陆璃蹲在那里,双腿大张,雪臀紧贴脚后跟,高跟鞋的细跟陷入松软的泥土中。
她的身体在颤抖——不是因为冷,而是因为嘴里的那根滚烫的巨物,因为舌尖上那咸腥的、让她发狂的味道,因为脖颈上铁链紧绷时传来的、那种被彻底掌控的、近乎窒息的安全感。
陆璃从那狰狞巨物的龟头开始,一点一点,一寸一寸,像试探深渊般,将那根粗长的紫红色巨物往自己喉咙深处送。
舌尖舔过冠状沟时,她能感觉到那处敏感的皮肤在微微跳动,马眼处涌出一小股清亮的腺液,被她精准地卷入口中,咽了下去。
味道很浓。
比他平时射在她骚穴里的精液要淡一些,却更腥,更原始,像某种深海中从未被阳光照过的、古老的、属于雄性本能的气息。
龙啸低头,看着蹲跪在身前的师娘。
月光照着她半闭的眼睑,睫毛在眼下投下一小片扇形的阴影。
她的脸颊凹陷,嘴唇紧紧箍着他的茎身,形成了一个圆满的“O”形,红唇的边缘因为摩擦而微微泛白。
她的口水分泌得越来越多,来不及吞咽的便从嘴角溢出,顺着下巴滑落,在她胸前那对丰乳上留下亮晶晶的湿痕,将两个黑色心形贴片浸得发亮,几乎要粘不住了。
他的呼吸变得粗重。
不是因为快感——虽然确实很爽——而是因为这幅画面本身。
这个女人。
这个穿着黑色漆皮紧身衣、戴着项圈、踩着高跟鞋、像母狗一样蹲在他脚下的女人,是苍衍派雷脉掌脉真人罗有成的道侣。
是他的师娘。
是那个在弟子面前端庄温婉、在丹房里从容不迫、在师父身边温柔贤淑的琉璃仙子。
此刻她嘴里含着他的阳物,正在卖力地吮吸,像一个饿了很久的母狗终于等到了食物。
而他手里牵着拴在她脖子上的铁链。
龙啸的手收紧,铁链发出“哗啦”一声脆响,项圈上的铃铛“叮铃”一颤,陆璃的脖颈被轻轻拽了一下,龟头从她喉咙深处退出了一寸。

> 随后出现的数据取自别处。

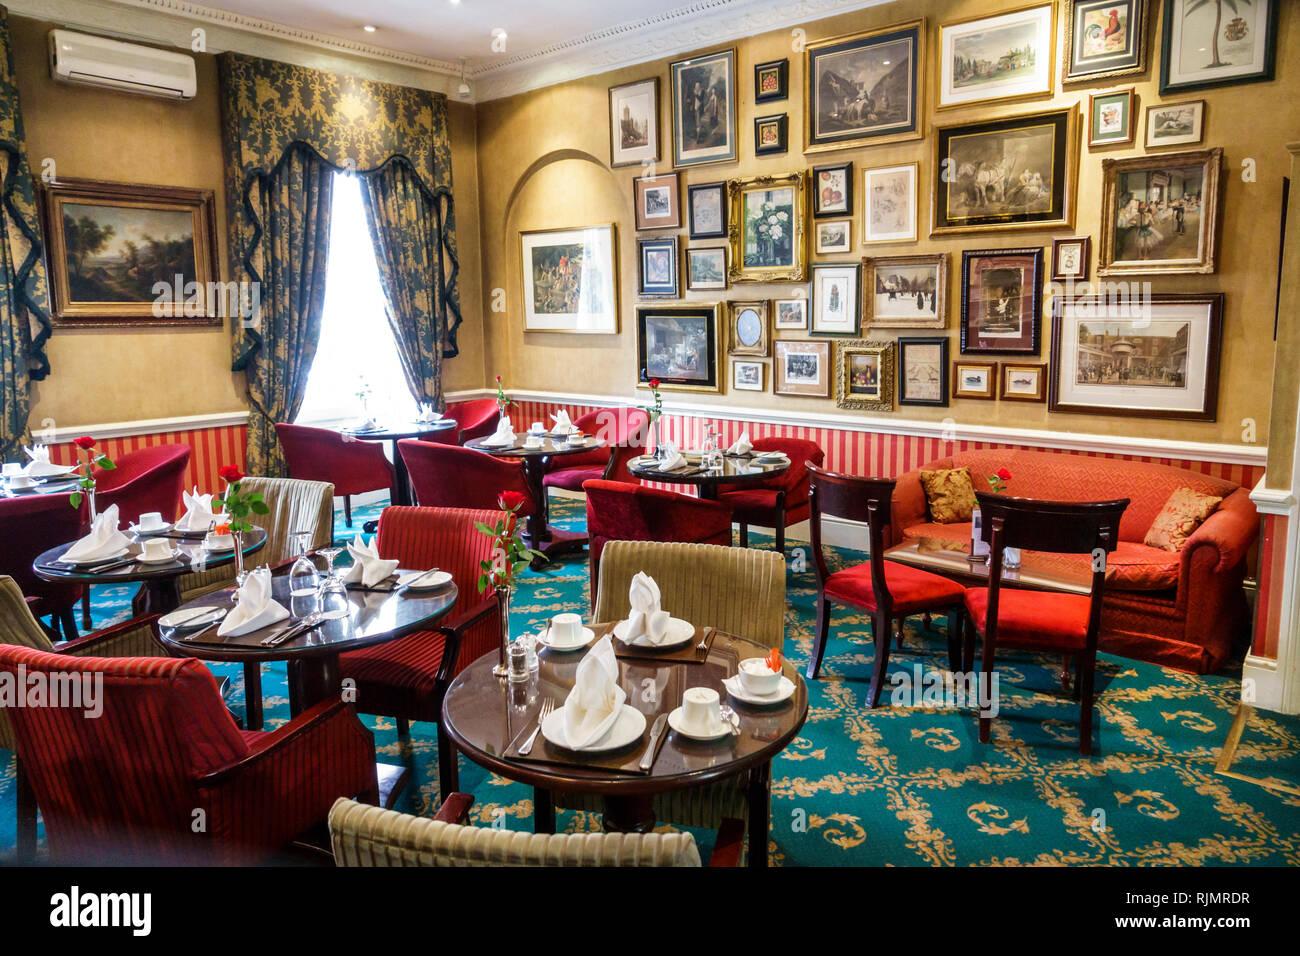 United Kingdom Great Britain England London Marylebone Marble Arch Leonard Hotel boutique hotel lobby tea room traditional decor plush nostalgic - Stock Image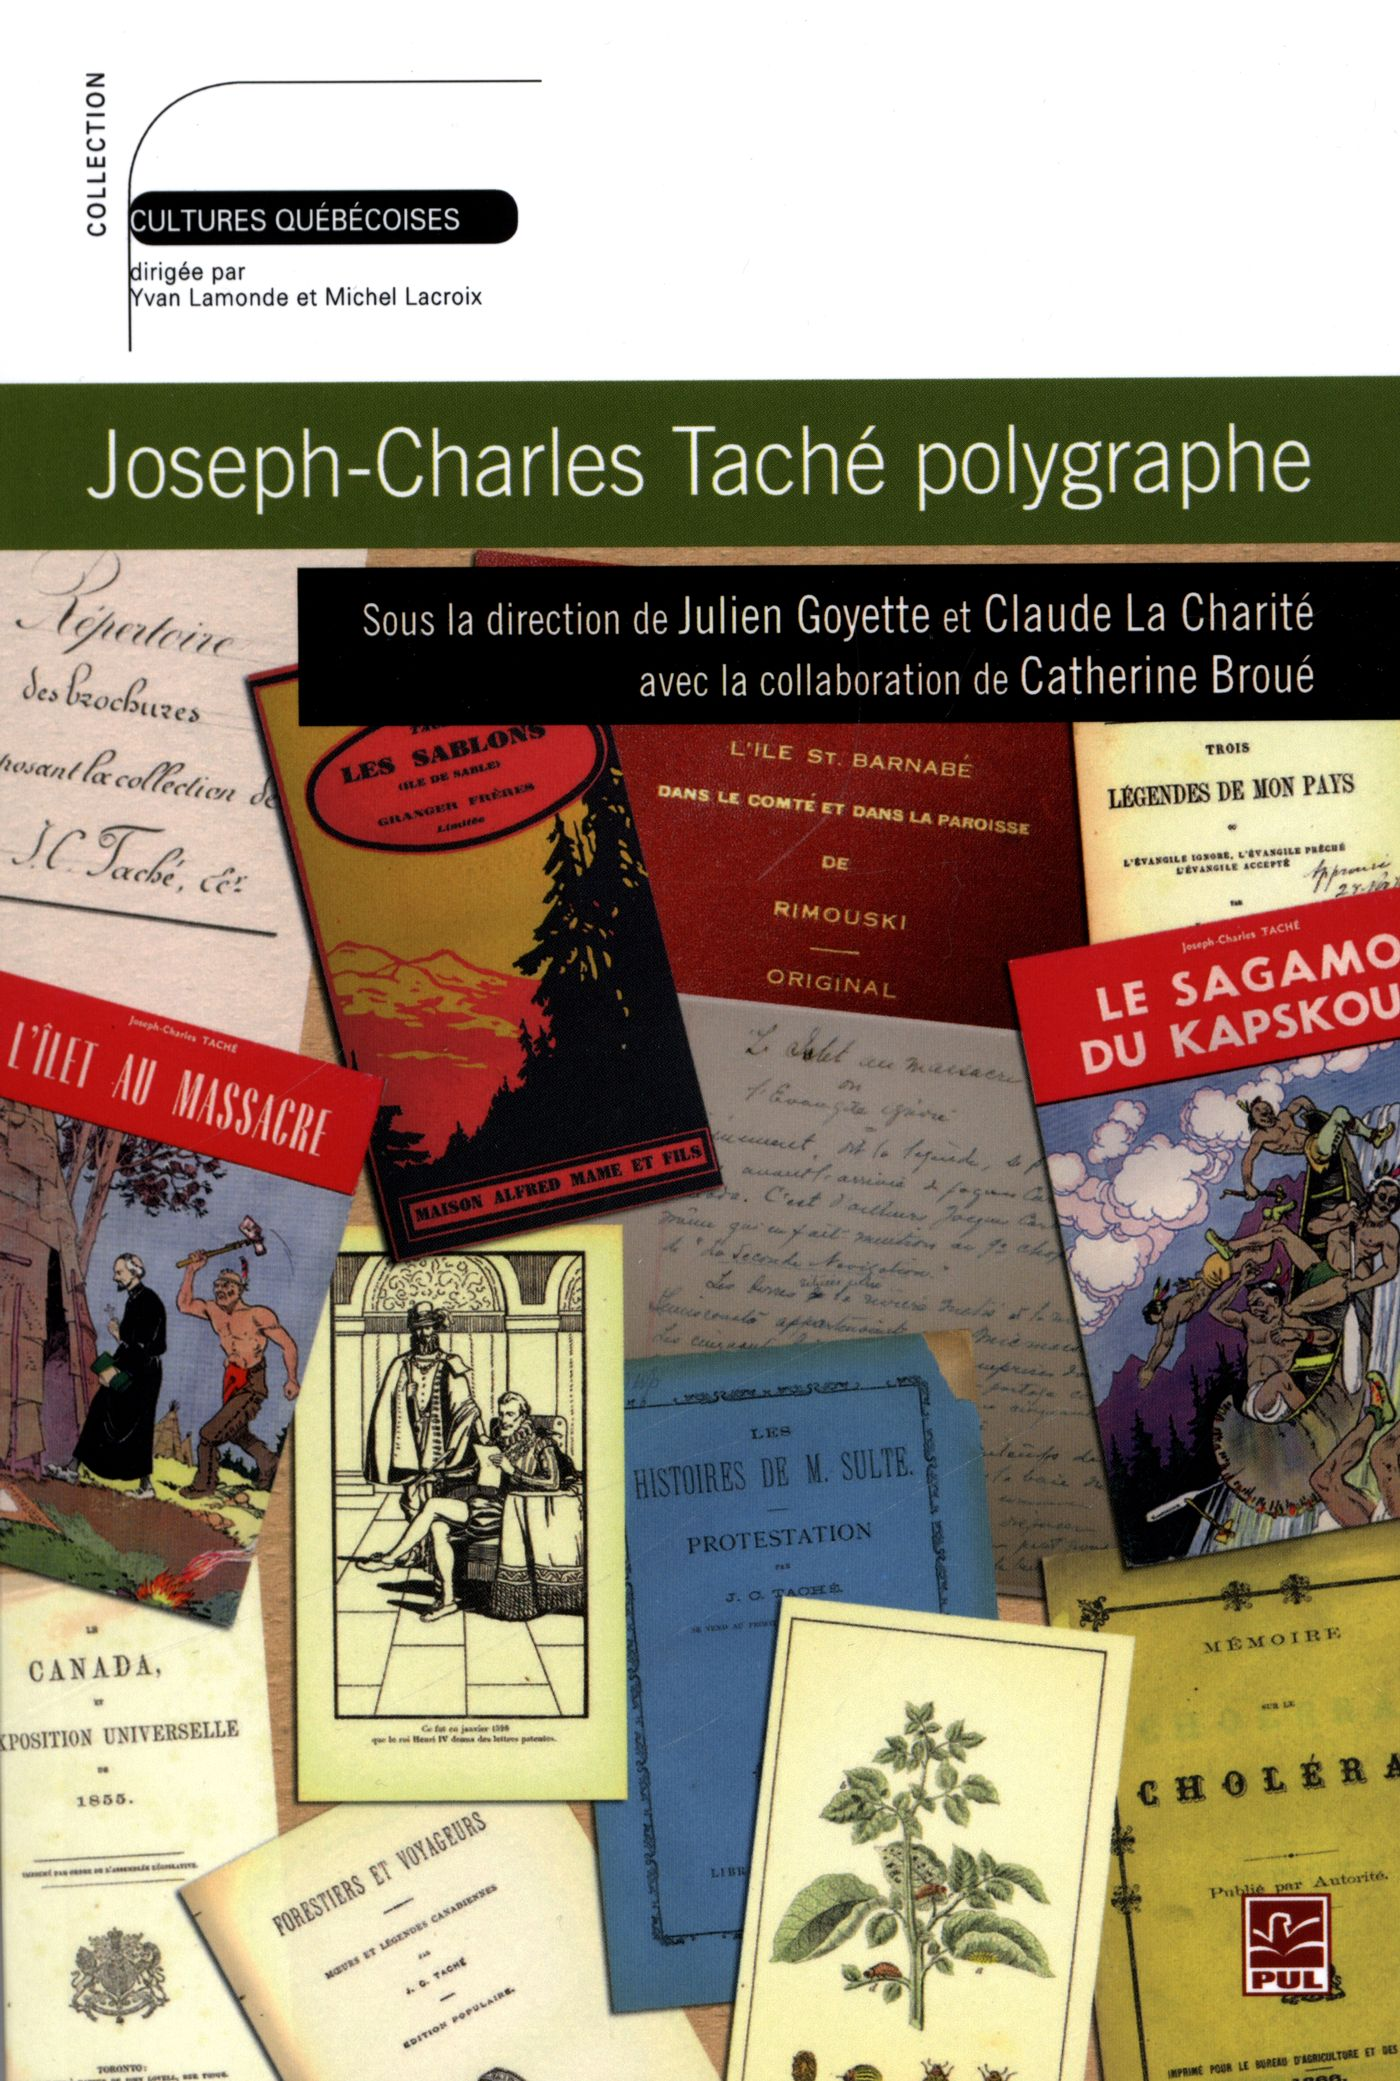 Joseph-Charles Taché polygraphe

她发出一声含糊的、不满的呜咽,头部立即向前追去,想要将那根退出的巨物重新吞回喉咙深处。
“师娘。”龙啸的声音低沉,带着一种压抑的、沙哑的磁性,“急什么?”
陆璃抬起眼,从下方望向他。
月光下,她的眼睛亮得惊人,瞳孔里倒映着他的身影,还有他胯间那根青筋盘绕的狰狞巨物。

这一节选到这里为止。